Обрушилось именно то ужасное, что он измысливал
избежать государственным переворотом, — то самое страшное, стихийное, то есть
бунт черни.
Гучковский заговор — не успел. А
теперь, когда революция всё равно уже взорвалась и всё
сметалось прочь великанскою рукой, — теперь Гучкову
второй день казалось, что трудности заговора были совсем незначительны, и в
марте вероятно бы успели, надо было успеть.
Вчера началось — и Гучков заметался: что делать? Началось — при нём, он — тут,
в Петрограде, — и что же делать? Надо было одновременно — и как-то остановить
народное движение, и мгновенно вырвать уступки у царя. Гучков
(ощущая себя военным человеком) кинулся в Главный штаб и добивался от Занкевича, ни по какому праву, — подавления! (Странная
двойственность внутри: и ясно, что надо давить, и хочется успеха движенью.)
Потом кинулся в свой дремлющий и перепуганный Государственный Совет. Кое-какие
члены слонялись по Мариинскому, ни на что не
способные, — Гучков стал сплачивать их и звонить по
телефонам, и так послали телеграмму царю. Тут Гучков
со злорадством наблюдал последние беспомощные метания
министров.
И вот — всё, что он успел
вчера.
А сегодня с утра отправился
в Думу. (Если бы и хотел дома посидеть, то не мог бы:
Марья Ильинична изощрилась и сегодня утром устроить ему сцену — удивительная
способность женщин никак не чувствовать общей обстановки, ничего не видеть за
гребнями своих чувств, — выжгла из дому и сегодня. С тем бо́льшим порывом
поспешил в Думу.)
Из утреннего телефона он уже
знал — и что образован Комитет Государственной Думы, и что там же в Таврическом
загнездился, закурил Совет рабочих депутатов,
собезьянничанный с Пятого года (а в Пятом придуманный
революционными полуинтеллигентами же). Надо было спешить к событиям и активно
вмешаться! (Ещё не понимая, как именно.)
Ему идти было тут от
Воскресенского всего два квартала — и даже при необычном оживлении и хаосе
нетрудно пройти.
Хотя уже четыре года Гучков не принадлежал к Думе — но место его сейчас было несомненно там.

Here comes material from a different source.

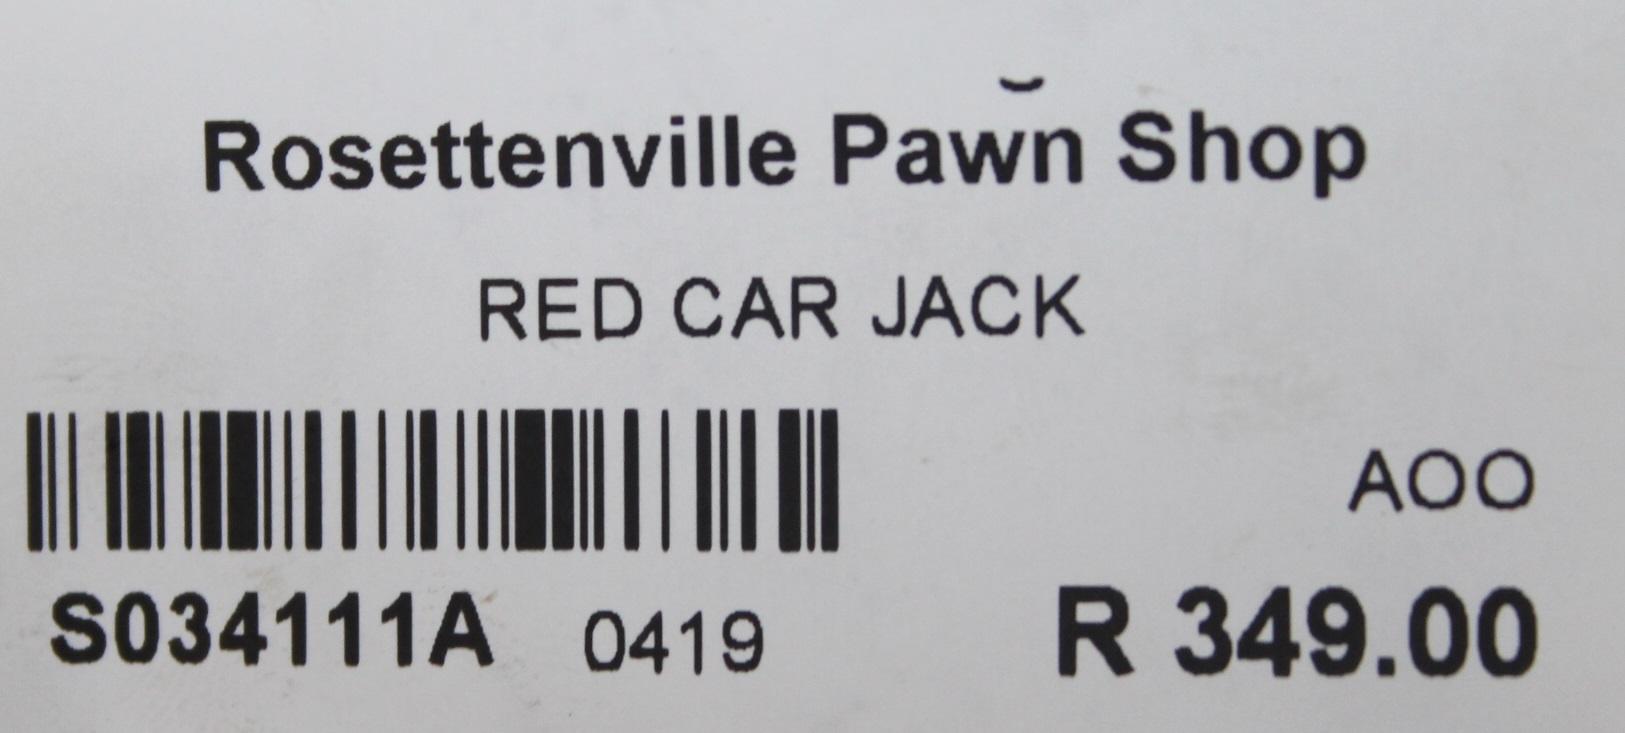 S034111A Red car jack #Rosettenvillepawnshop

Сохранялось за ним негласное,
неофициальное право состоять в одном ряду с думскими лидерами. Он спешил туда
не по притяжению любопытства, но по этому негласному
праву. Он был — из самых заслуженных в процессе обновления, и главный враг
императорской четы, и теперь, когда всё зазыбилось, —
естественно ему стать на рулевое место, без лицемерия и ужимок. Не метил он
себя премьер-министром (хотя отлично справился бы), к этому месту уже тянулась
череда, из Родзянки, Милюкова, Львова, но вторым-третьим лицом в государстве во
всяком случае. По постоянной близости к военному делу, он назначал себя — военным
министром.
Но что за тупая толпа! — тут
надо ещё отстоять своё право на каждый следующий шаг. Привык считать Гучков, что его знает вся Россия, вся Россия слала
телеграммы при его болезни, — однако вот здесь, перед решёткой Таврического и в
сквере, его не узнал в лицо решительно никто, разве один-два студента. Его пропускали, но просто по солидному меховому воротнику, нахохленному
виду и золотому пенсне догадываясь, что у этого барина важное дело в
Думе. Однако сами-то они зачем здесь толпились в таком избыточном, глупом
количестве? Кто б это предвидел: что от революции все кинутся к Думе и будут
толпиться тут как бараны, даже в изрядный мороз.
Но это что по сравнению с
тем, что внутри: в дверях стискивали, в Купольном зале от входа сразу
заворачивался круговорот, так что надо было с силой выбиваться локтями. Бюст
Александра II, поставленный депутатами-крестьянами к 50-летию отмены
крепостного права, — и к тому пристроили красный бант. Красные бантики, ленты,
приколки торчали почти на всех прихожих. По всему Екатерининскому густо
толпились, и в нескольких местах мельтешили митинги, другим неслышно.
Всё же Гучков
быстро нашёл и главных думских, и дознался о Военной
комиссии, и понял свою задачу: взять её в твёрдые руки, сделать регулярным
штабом и полностью перехватить к думскому Комитету. Для этого надо было быстро
насажать сюда если не генералов, то расторопных полковников. При знакомствах и
военном авторитете Гучкова это было недолго.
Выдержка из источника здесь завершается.